Question

What's a Convergent series basically..?? Our professor gave us the idea that if the nth term and its neighberhood terms tends to be a finite(non fluctuating) quantity. But on the internet I am getting answers as divergent even if the nth term tends to zero.. since, then the method for checking it is calculating the sum of the series.

eg.

1 + 1/2 + 1/3 + 1/4 + 1/5 + ...+ 1/n

in this wikipedia claims its divergent.. but according to our professor it should be convergent

anyone please help me out.. i am not sure what is the concept of it!!

Answer 1

The series you mentioned here (harmonic series) is divergent, because the sum of it tends to be infinite. When a series is convergent it converges to a finite quantity.

Answer 2

http://en.wikipedia.org/wiki/Harmonic_series_(mathematics)#Comparison_test

Answer 3

A convergent series is a series whose infinite sum adds up to a finite number.

Answer 4

thanx a lot .. but i mean what should be the factor for determining whether its convergent or not.. is it only summation tending to a finite quantity or nth term and its neighborhood terms tending to a finite quantity i.e limit exists at n->infinite and \[a _{n} is finite\]

Answer 5

If \[
\lim_{n\to \infty}a_n\neq 0
\]Then we know it is divergent, but we don't know if it is convergent.

Answer 6

if \[\lim_{n \rightarrow \infty} a _{n}= 5\] or any finite quantity is the series divergent or convergent?

Answer 7

If it is greater than \(0\) then it is divergent.

Answer 8

i had the misconception that if limit exists its convergent.. thanx a lot for clearing that up

Answer 9

Remember that \(c\times \infty=\infty\) when \(c>0\).

Answer 10

However when \(c=0\) you get an indeterminate form.

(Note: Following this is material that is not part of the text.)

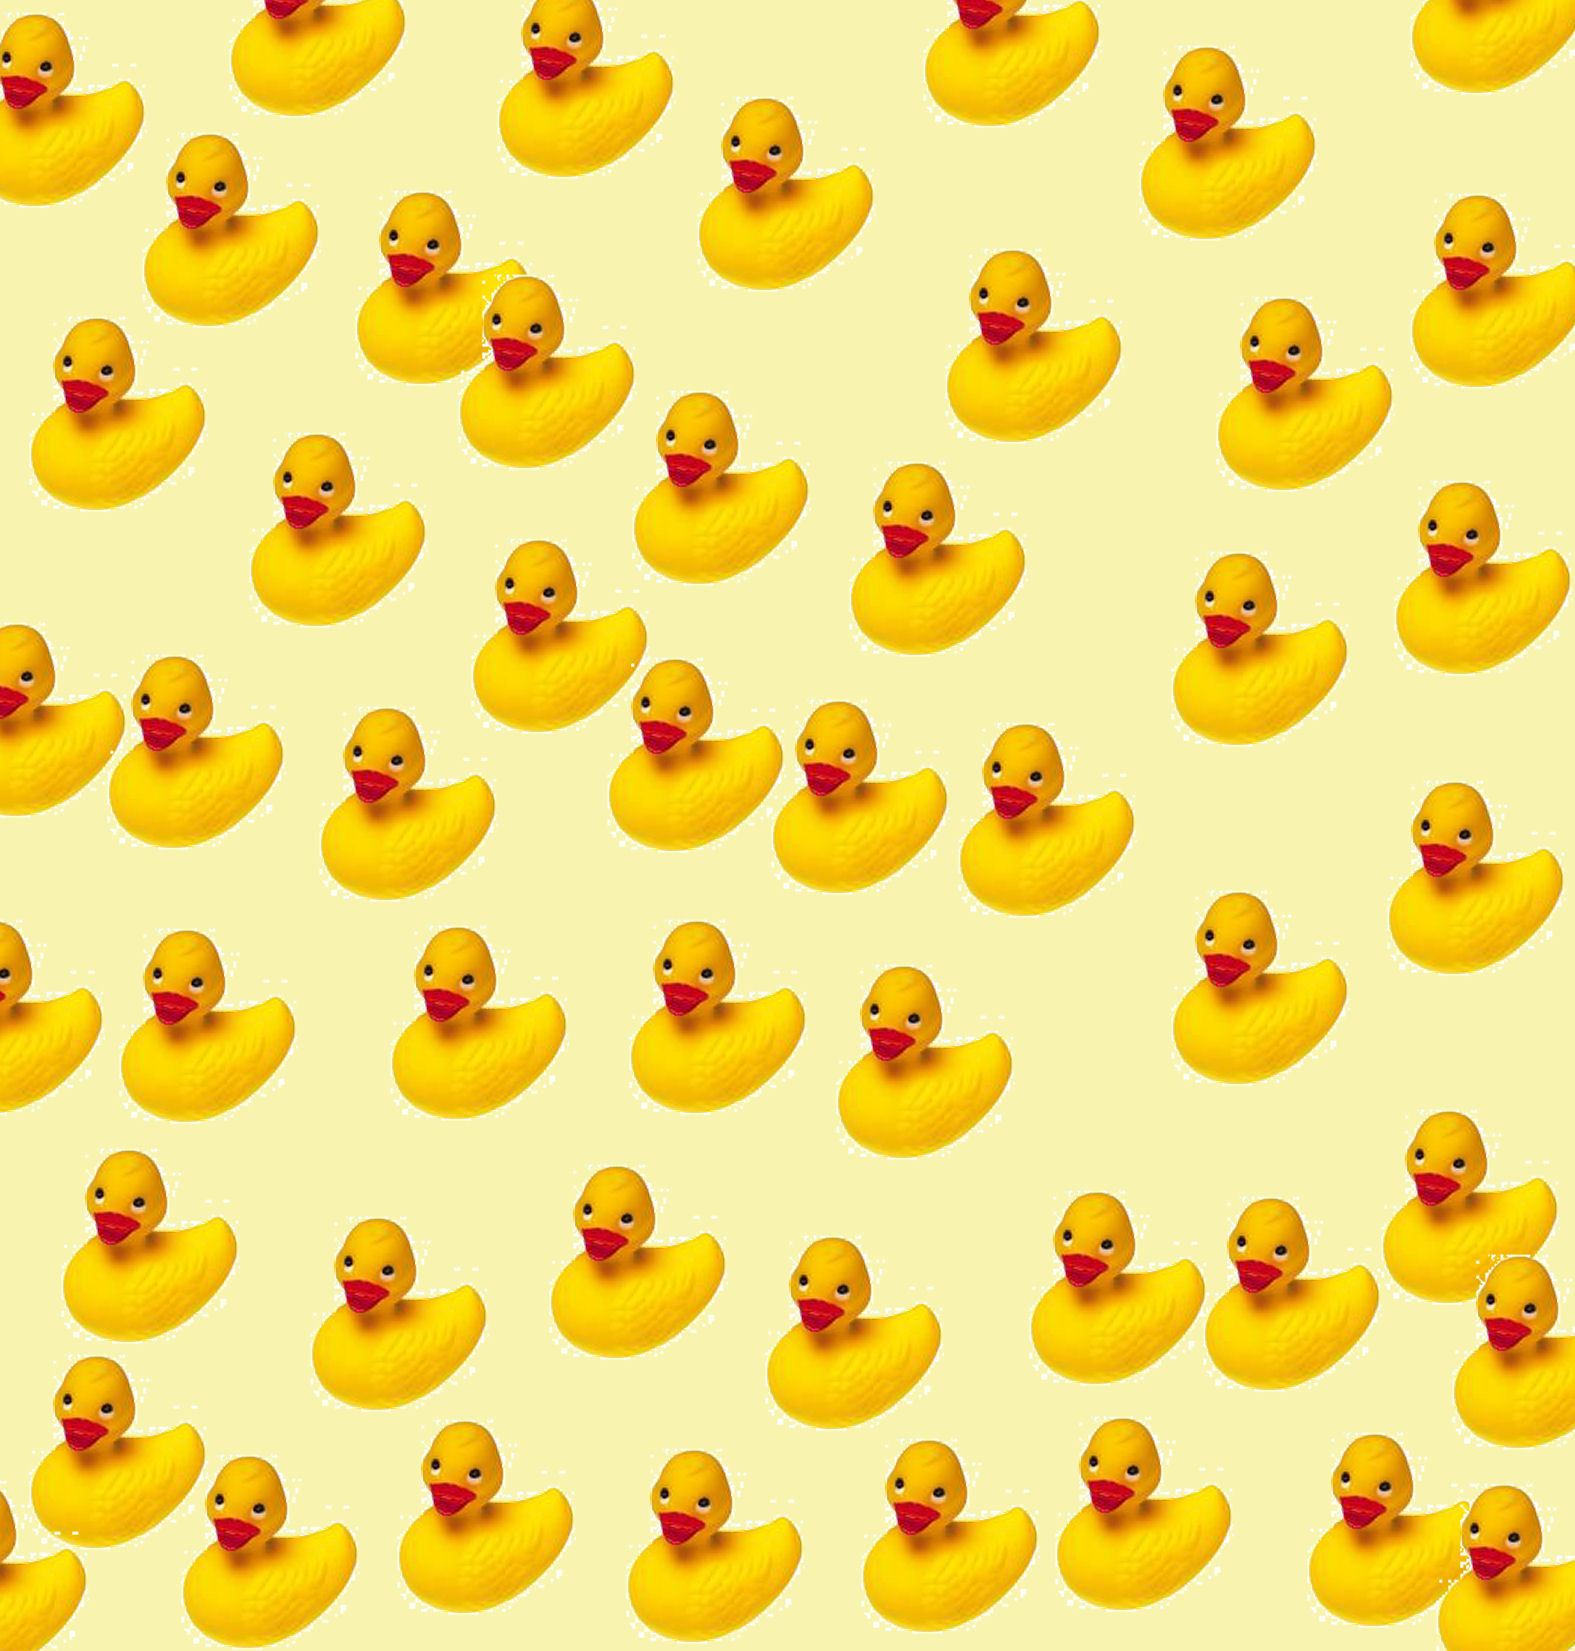 Rubber Ducks Background

It could result in something finite or something infinite.

Answer 11

yep

and so if a series is not convergent it must be divergent?

Answer 12

The \(\times \infty\) comes from the fact that you're adding infinite terms

Answer 13

Yes.

Answer 14

so \[\lim_{n \rightarrow \infty} a _{n } =0\] it should be convergent but the harmonic series i asked in the ques is divergent...

Answer 15

When did I say that means it is convergent?

Answer 16

Okay what is \[
0\times \infty \to?
\]

Answer 17

Does it go to \(\infty\) or to some finite number?

Answer 18

it could be anything

Answer 19

0 to infinite right ..??

Answer 20

If you understand that indeterminate forms means "inconclusive" then why are you struggling with this limit being "inconclusive" when it goes to 0?

Answer 21

ohk so more generally i should go for checking summation of a series and see if its finite .. to conclude its convergence..?

Answer 22

i mean summation of a sequence not series

Answer 23

There are many tests.

Answer 24

You can compare it to another series which you know is convergent or not.

Answer 25

@wio ohk thanx a lot .. i really appreciate you helping me out ..i'll first consult my notes if problem still persists i'll message you..

bye